-------- Data extracts --------
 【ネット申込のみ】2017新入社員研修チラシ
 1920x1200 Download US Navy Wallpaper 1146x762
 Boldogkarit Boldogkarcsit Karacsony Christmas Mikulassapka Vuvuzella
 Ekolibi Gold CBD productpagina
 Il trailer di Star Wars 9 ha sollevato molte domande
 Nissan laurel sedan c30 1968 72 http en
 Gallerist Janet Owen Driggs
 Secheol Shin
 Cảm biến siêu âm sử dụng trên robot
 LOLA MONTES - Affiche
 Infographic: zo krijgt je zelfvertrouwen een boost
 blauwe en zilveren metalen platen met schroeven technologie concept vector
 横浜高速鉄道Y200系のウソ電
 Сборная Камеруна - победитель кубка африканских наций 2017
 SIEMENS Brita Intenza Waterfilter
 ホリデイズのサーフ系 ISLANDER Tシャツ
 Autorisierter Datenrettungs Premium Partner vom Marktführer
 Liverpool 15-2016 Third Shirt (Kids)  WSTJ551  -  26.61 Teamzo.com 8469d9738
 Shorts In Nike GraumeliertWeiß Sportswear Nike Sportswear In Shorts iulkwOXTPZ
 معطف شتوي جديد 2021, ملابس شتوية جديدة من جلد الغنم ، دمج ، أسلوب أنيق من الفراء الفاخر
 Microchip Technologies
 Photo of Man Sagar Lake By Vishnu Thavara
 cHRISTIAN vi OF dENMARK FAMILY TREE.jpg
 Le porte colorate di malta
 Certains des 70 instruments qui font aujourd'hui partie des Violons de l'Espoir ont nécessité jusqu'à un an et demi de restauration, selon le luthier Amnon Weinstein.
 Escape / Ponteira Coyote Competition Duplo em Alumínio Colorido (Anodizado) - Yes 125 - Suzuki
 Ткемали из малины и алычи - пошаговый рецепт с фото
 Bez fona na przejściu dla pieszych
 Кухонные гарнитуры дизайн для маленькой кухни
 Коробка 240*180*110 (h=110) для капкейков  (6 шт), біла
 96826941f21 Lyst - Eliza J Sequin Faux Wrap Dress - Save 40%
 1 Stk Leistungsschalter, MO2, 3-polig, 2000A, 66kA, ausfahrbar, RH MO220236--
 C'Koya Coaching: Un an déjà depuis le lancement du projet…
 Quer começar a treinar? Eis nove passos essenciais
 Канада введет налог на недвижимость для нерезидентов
--------
● Action item
Copy the records above exactly as they appear.

● Task solution
 【ネット申込のみ】2017新入社員研修チラシ
 1920x1200 Download US Navy Wallpaper 1146x762
 Boldogkarit Boldogkarcsit Karacsony Christmas Mikulassapka Vuvuzella
 Ekolibi Gold CBD productpagina
 Il trailer di Star Wars 9 ha sollevato molte domande
 Nissan laurel sedan c30 1968 72 http en
 Gallerist Janet Owen Driggs
 Secheol Shin
 Cảm biến siêu âm sử dụng trên robot
 LOLA MONTES - Affiche
 Infographic: zo krijgt je zelfvertrouwen een boost
 blauwe en zilveren metalen platen met schroeven technologie concept vector
 横浜高速鉄道Y200系のウソ電
 Сборная Камеруна - победитель кубка африканских наций 2017
 SIEMENS Brita Intenza Waterfilter
 ホリデイズのサーフ系 ISLANDER Tシャツ
 Autorisierter Datenrettungs Premium Partner vom Marktführer
 Liverpool 15-2016 Third Shirt (Kids)  WSTJ551  -  26.61 Teamzo.com 8469d9738
 Shorts In Nike GraumeliertWeiß Sportswear Nike Sportswear In Shorts iulkwOXTPZ
 معطف شتوي جديد 2021, ملابس شتوية جديدة من جلد الغنم ، دمج ، أسلوب أنيق من الفراء الفاخر
 Microchip Technologies
 Photo of Man Sagar Lake By Vishnu Thavara
 cHRISTIAN vi OF dENMARK FAMILY TREE.jpg
 Le porte colorate di malta
 Certains des 70 instruments qui font aujourd'hui partie des Violons de l'Espoir ont nécessité jusqu'à un an et demi de restauration, selon le luthier Amnon Weinstein.
 Escape / Ponteira Coyote Competition Duplo em Alumínio Colorido (Anodizado) - Yes 125 - Suzuki
 Ткемали из малины и алычи - пошаговый рецепт с фото
 Bez fona na przejściu dla pieszych
 Кухонные гарнитуры дизайн для маленькой кухни
 Коробка 240*180*110 (h=110) для капкейков  (6 шт), біла
 96826941f21 Lyst - Eliza J Sequin Faux Wrap Dress - Save 40%
 1 Stk Leistungsschalter, MO2, 3-polig, 2000A, 66kA, ausfahrbar, RH MO220236--
 C'Koya Coaching: Un an déjà depuis le lancement du projet…
 Quer começar a treinar? Eis nove passos essenciais
 Канада введет налог на недвижимость для нерезидентов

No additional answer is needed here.